[[ PROVIDED ENTRIES open ]]
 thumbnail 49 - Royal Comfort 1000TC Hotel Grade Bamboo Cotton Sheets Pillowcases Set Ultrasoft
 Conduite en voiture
[[ PROVIDED ENTRIES closed ]]
[[ PROVIDED ENTRIES open ]]
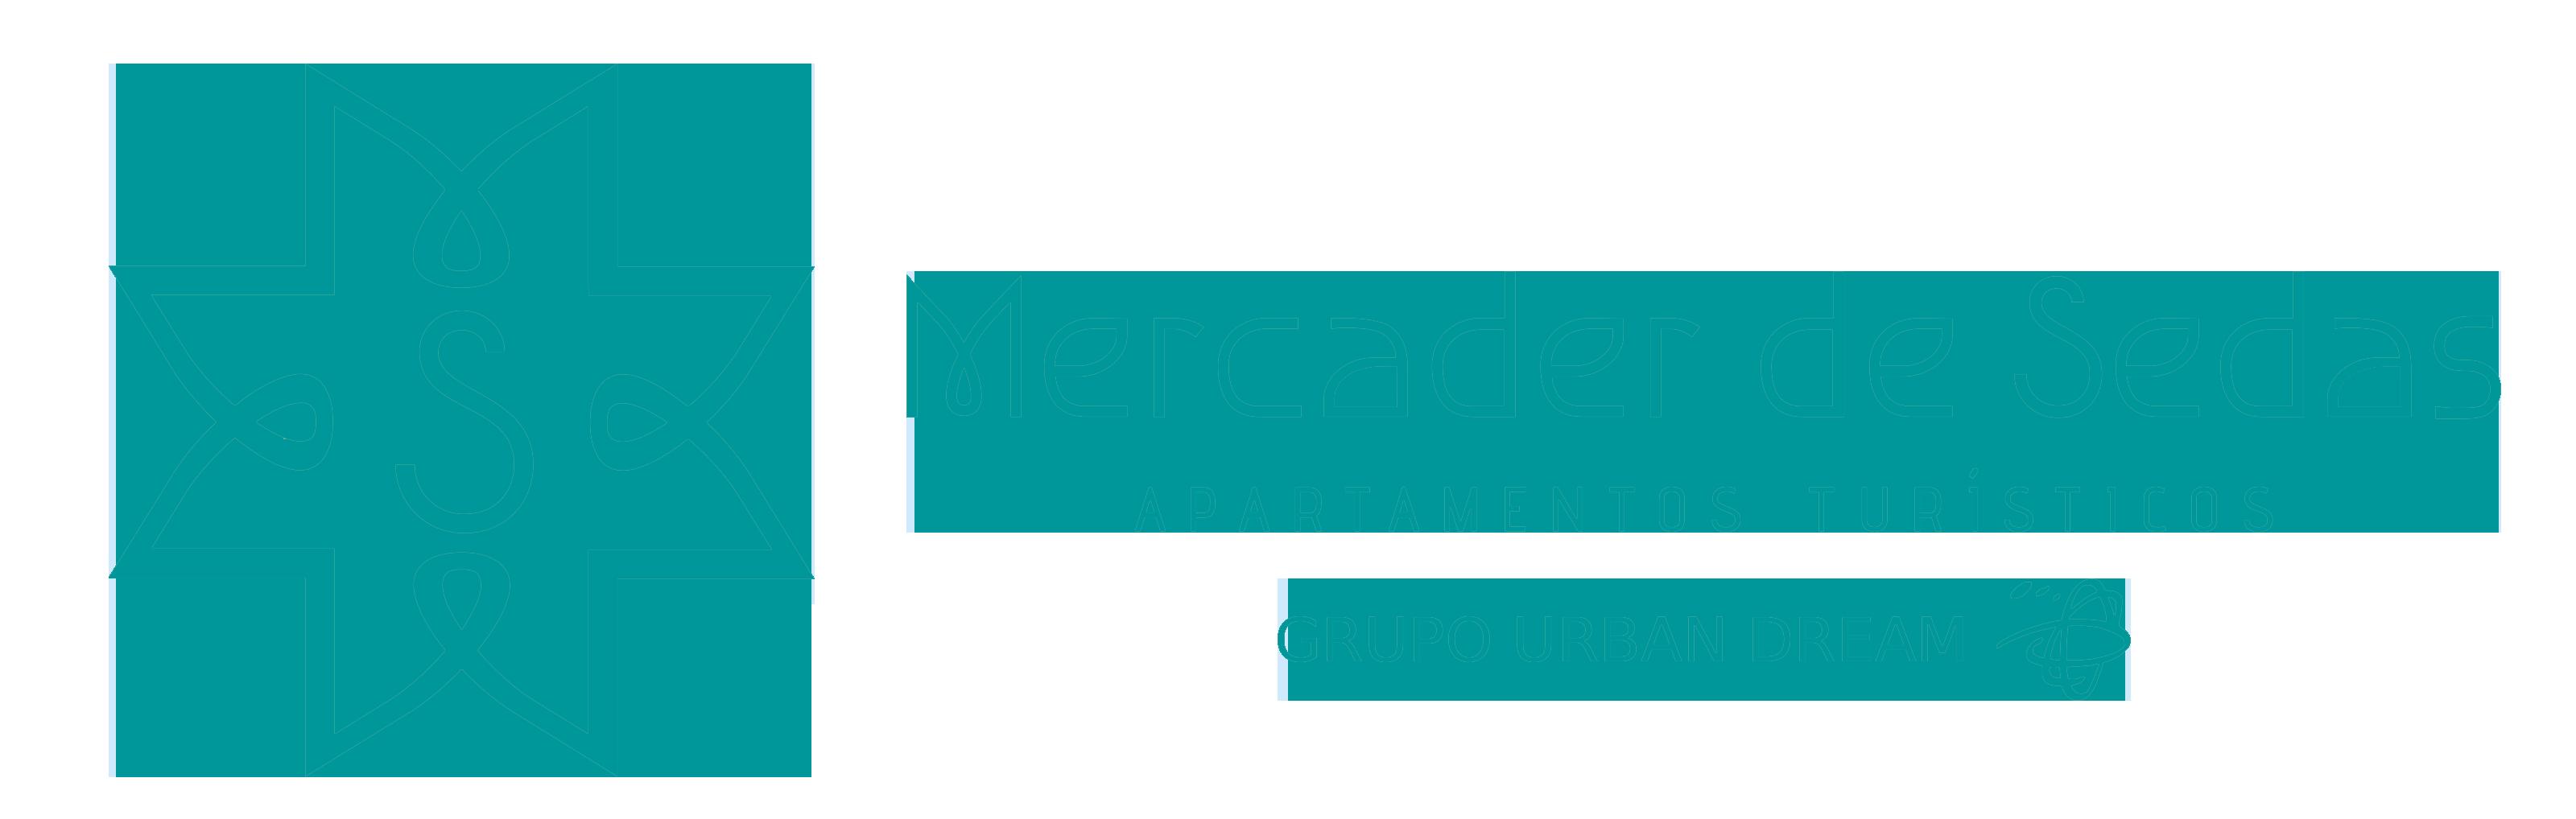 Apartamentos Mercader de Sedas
[[ PROVIDED ENTRIES closed ]]
[[ PROVIDED ENTRIES open ]]
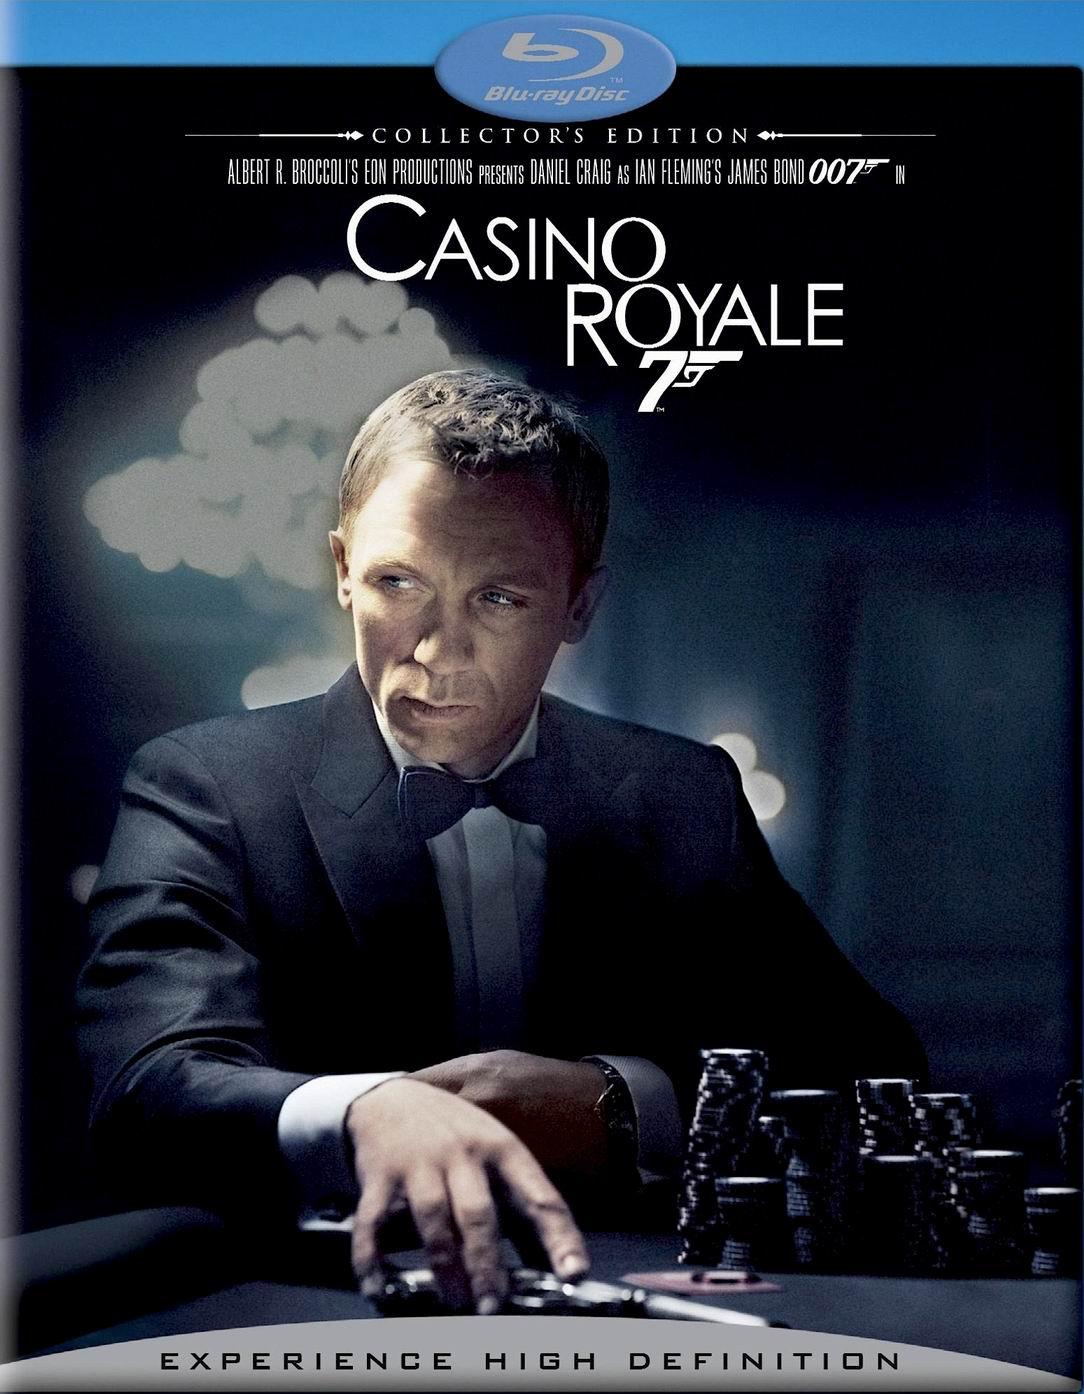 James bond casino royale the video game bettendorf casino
[[ PROVIDED ENTRIES closed ]]
AIM OF THE TASK:
Go through the material above and output exactly the lines from the one containing "thumbnail 49 - Royal" through the one containing "Conduite en voiture".

WRITTEN ANSWER:
 thumbnail 49 - Royal Comfort 1000TC Hotel Grade Bamboo Cotton Sheets Pillowcases Set Ultrasoft
 Conduite en voiture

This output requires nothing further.